Defense Secretary Donald H. “Rumsfeld’s political lawyers steamrollered the career guys to push through Halliburton’s secret deal,” said Charles Tiefer, a law professor at the University of Baltimore who recently wrote a book on government contracting. “It creates a disturbing appearance of influence when Cheney’s lawyers are told several times Halliburton is getting special deals, and they never say, ‘Make sure the career people agree this is being done right.’ ”
The next step in the process was taken in October 2002, when Mobbs reviewed his decision to use Halliburton with an executive committee of deputies from various government agencies. That panel included I. Lewis “Scooter” Libby, the vice president’s chief of staff.

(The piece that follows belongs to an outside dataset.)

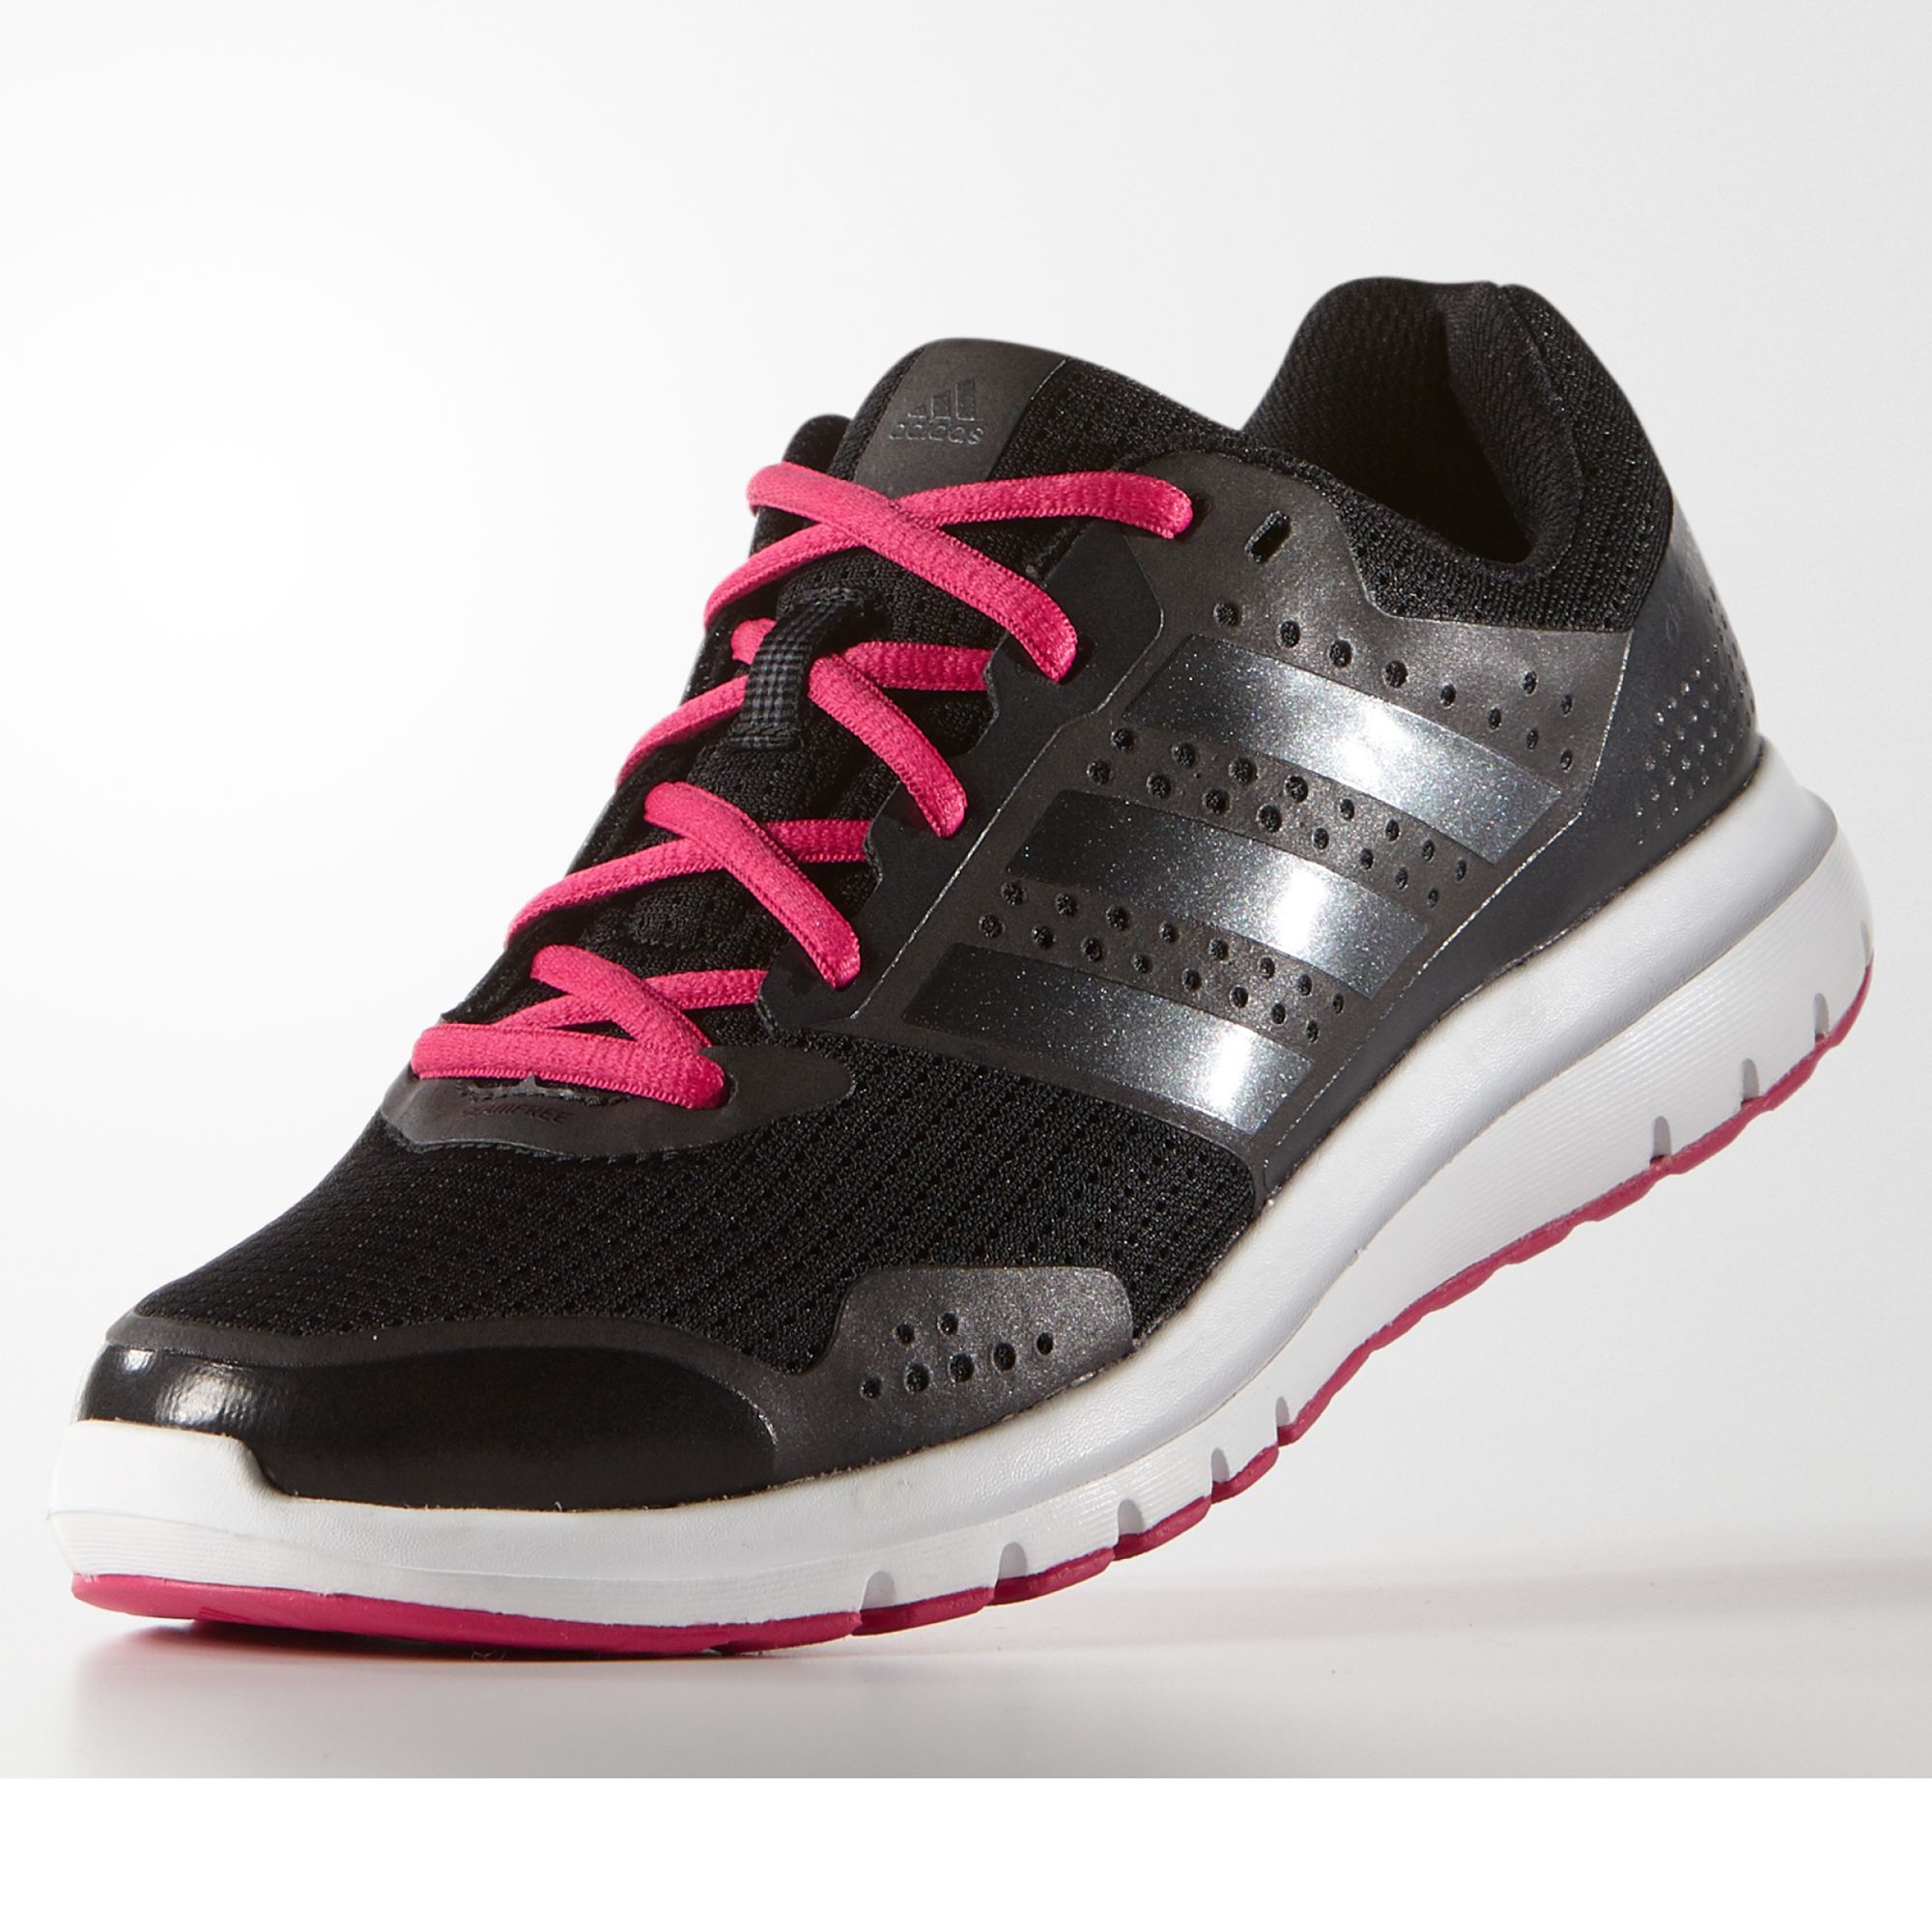 adidas duramo 7 women's running shoes

Mobbs told the panel that he never felt political pressure to award the contract. But he said he reviewed it with Libby and others to give them the chance to reverse his decision if they had political concerns.
Mobbs “confirmed that your office had a clear opportunity to exert influence over this proposal,” Waxman said in his letter to Cheney. “He said that if anyone had raised an objection to selecting Halliburton without any competition, he would have gone back and reconsidered his approach.”
On Nov. 8, the Army awarded Halliburton a $1.9-million order under the logistics contract to carry out the planning. Four months later, the Army gave Halliburton the no-bid job worth up to $7 billion to execute the plan that the company had developed, citing its role in drawing up the plan, according to documents obtained by Judicial Watch through a Freedom of Information Act request.
Democratic officials said that Mobbs knew all along that the lucrative contract would be given to the company that produced the plans in the first place.
“It was known it would lead to the... contract,” said a senior Democratic staffer with knowledge of the briefing.